Per SDM description(Vol.3D, Appendix A.1):
"If bit 56 is read as 1, software can use VM entry to deliver a hardware
exception with or without an error code, regardless of vector"
Modify has_error_code check before inject events to nested guest. Only
enforce the check when guest is in real mode, the exception is not hard
exception and the platform doesn't enumerate bit56 in VMX_BASIC, in all
other case ignore the check to make the logic consistent with SDM.
Signed-off-by: Yang Weijiang <weijiang.yang@intel.com>
Reviewed-by: Maxim Levitsky <mlevitsk@redhat.com>
Reviewed-by: Chao Gao <chao.gao@intel.com>
---
arch/x86/kvm/vmx/nested.c | 27 ++++++++++++++++++---------
arch/x86/kvm/vmx/nested.h | 5 +++++
2 files changed, 23 insertions(+), 9 deletions(-)
diff --git a/arch/x86/kvm/vmx/nested.c b/arch/x86/kvm/vmx/nested.c
index 4be0078ca713..0439208523b8 100644
--- a/arch/x86/kvm/vmx/nested.c
+++ b/arch/x86/kvm/vmx/nested.c
@@ -1230,9 +1230,9 @@ static int vmx_restore_vmx_basic(struct vcpu_vmx *vmx, u64 data)
{
const u64 feature_and_reserved =
/* feature (except bit 48; see below) */
- BIT_ULL(49) | BIT_ULL(54) | BIT_ULL(55) |
+ BIT_ULL(49) | BIT_ULL(54) | BIT_ULL(55) | BIT_ULL(56) |
/* reserved */
- BIT_ULL(31) | GENMASK_ULL(47, 45) | GENMASK_ULL(63, 56);
+ BIT_ULL(31) | GENMASK_ULL(47, 45) | GENMASK_ULL(63, 57);
u64 vmx_basic = vmcs_config.nested.basic;
if (!is_bitwise_subset(vmx_basic, data, feature_and_reserved))
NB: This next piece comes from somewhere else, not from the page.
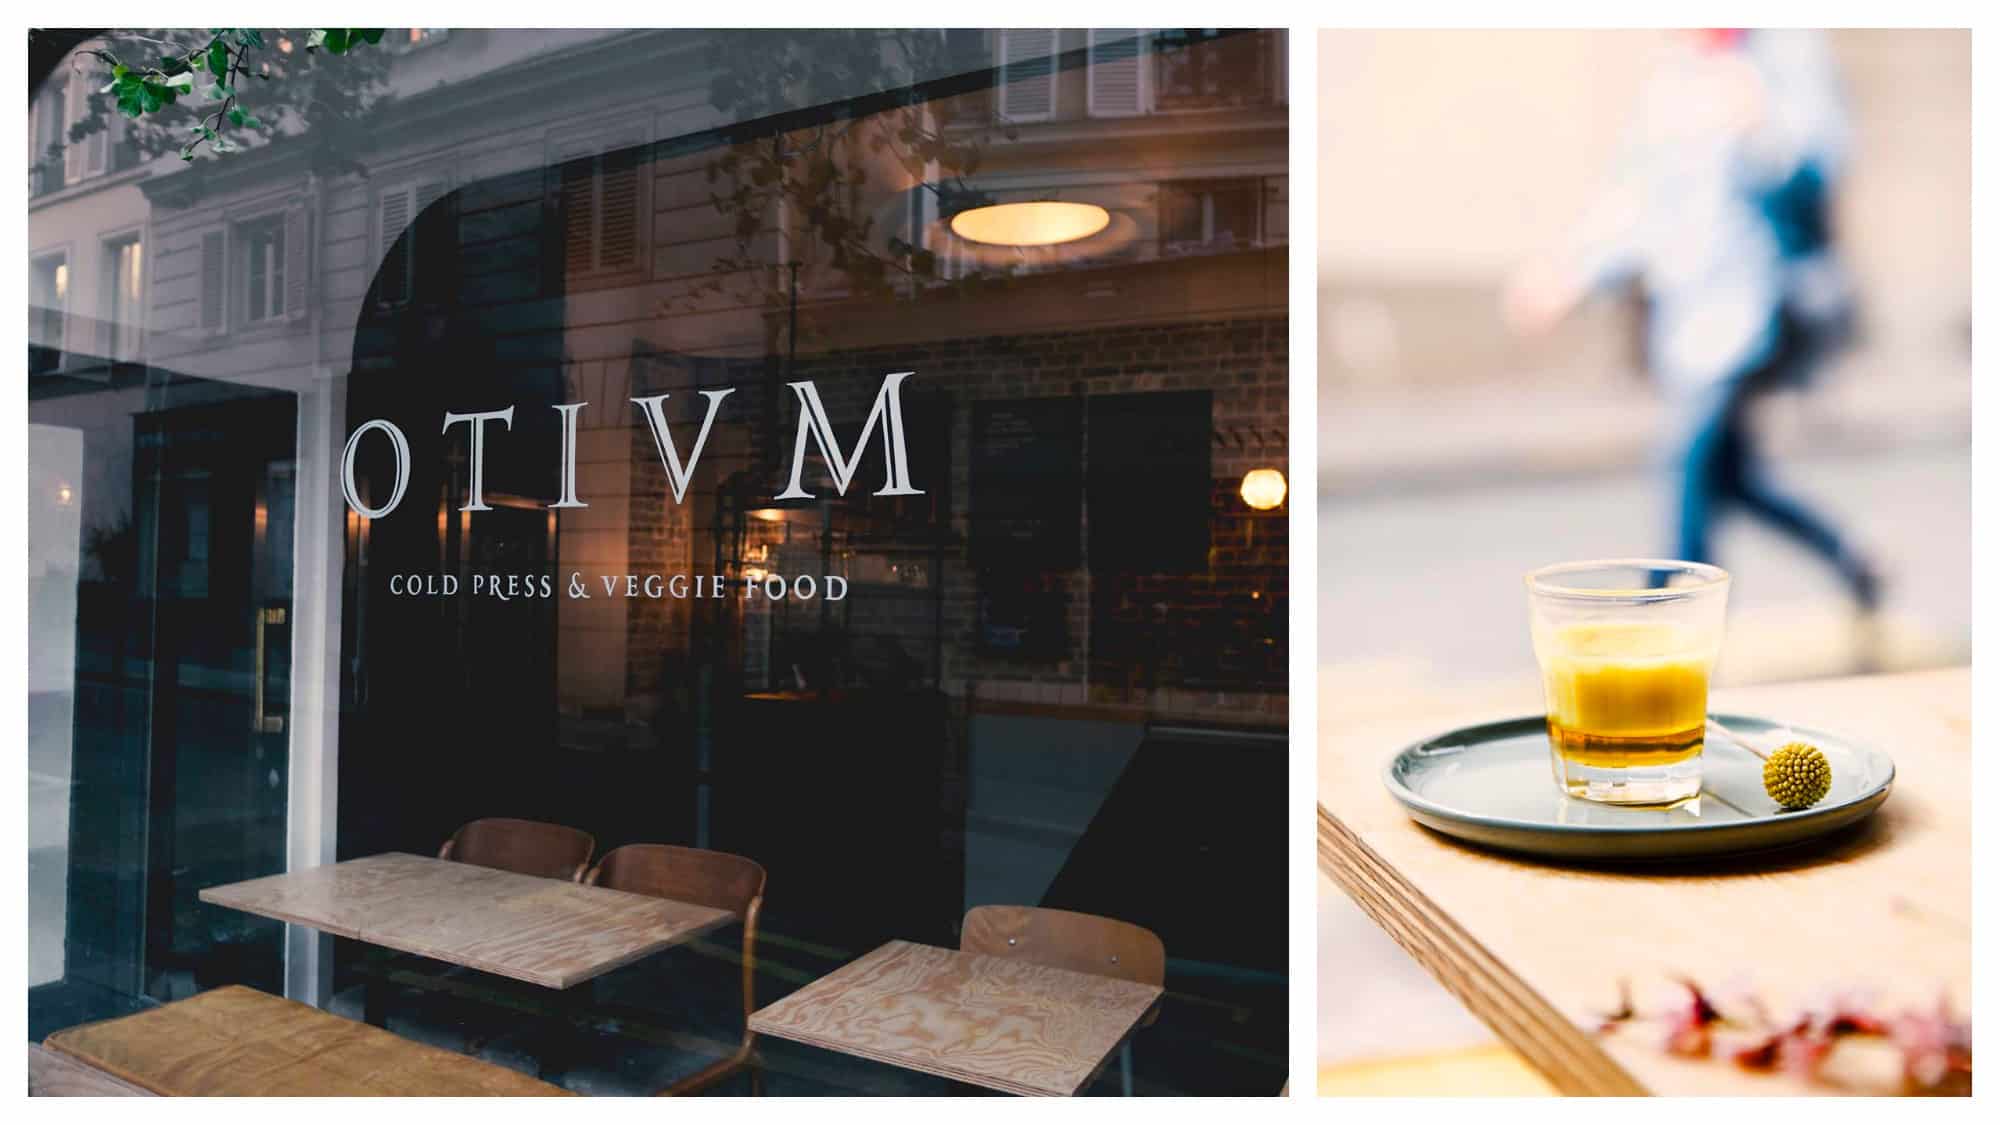 The window at Otium café (left) which specializes in cold-pressed juices (right).

@@ -2865,7 +2865,6 @@ static int nested_check_vm_entry_controls(struct kvm_vcpu *vcpu,
u8 vector = intr_info & INTR_INFO_VECTOR_MASK;
u32 intr_type = intr_info & INTR_INFO_INTR_TYPE_MASK;
bool has_error_code = intr_info & INTR_INFO_DELIVER_CODE_MASK;
- bool should_have_error_code;
bool urg = nested_cpu_has2(vmcs12,
SECONDARY_EXEC_UNRESTRICTED_GUEST);
bool prot_mode = !urg || vmcs12->guest_cr0 & X86_CR0_PE;
@@ -2882,12 +2881,20 @@ static int nested_check_vm_entry_controls(struct kvm_vcpu *vcpu,
CC(intr_type == INTR_TYPE_OTHER_EVENT && vector != 0))
return -EINVAL;
- /* VM-entry interruption-info field: deliver error code */
- should_have_error_code =
- intr_type == INTR_TYPE_HARD_EXCEPTION && prot_mode &&
- x86_exception_has_error_code(vector);
- if (CC(has_error_code != should_have_error_code))
- return -EINVAL;
+ /*
+ * Cannot deliver error code in real mode or if the interrupt
+ * type is not hardware exception. For other cases, do the
+ * consistency check only if the vCPU doesn't enumerate
+ * VMX_BASIC_NO_HW_ERROR_CODE_CC.
+ */
+ if (!prot_mode || intr_type != INTR_TYPE_HARD_EXCEPTION) {
+ if (CC(has_error_code))
+ return -EINVAL;
+ } else if (!nested_cpu_has_no_hw_errcode_cc(vcpu)) {
+ if (CC(has_error_code !=
+ x86_exception_has_error_code(vector)))
+ return -EINVAL;
+ }
/* VM-entry exception error code */
if (CC(has_error_code &&
@@ -7011,6 +7018,8 @@ static void nested_vmx_setup_basic(struct nested_vmx_msrs *msrs)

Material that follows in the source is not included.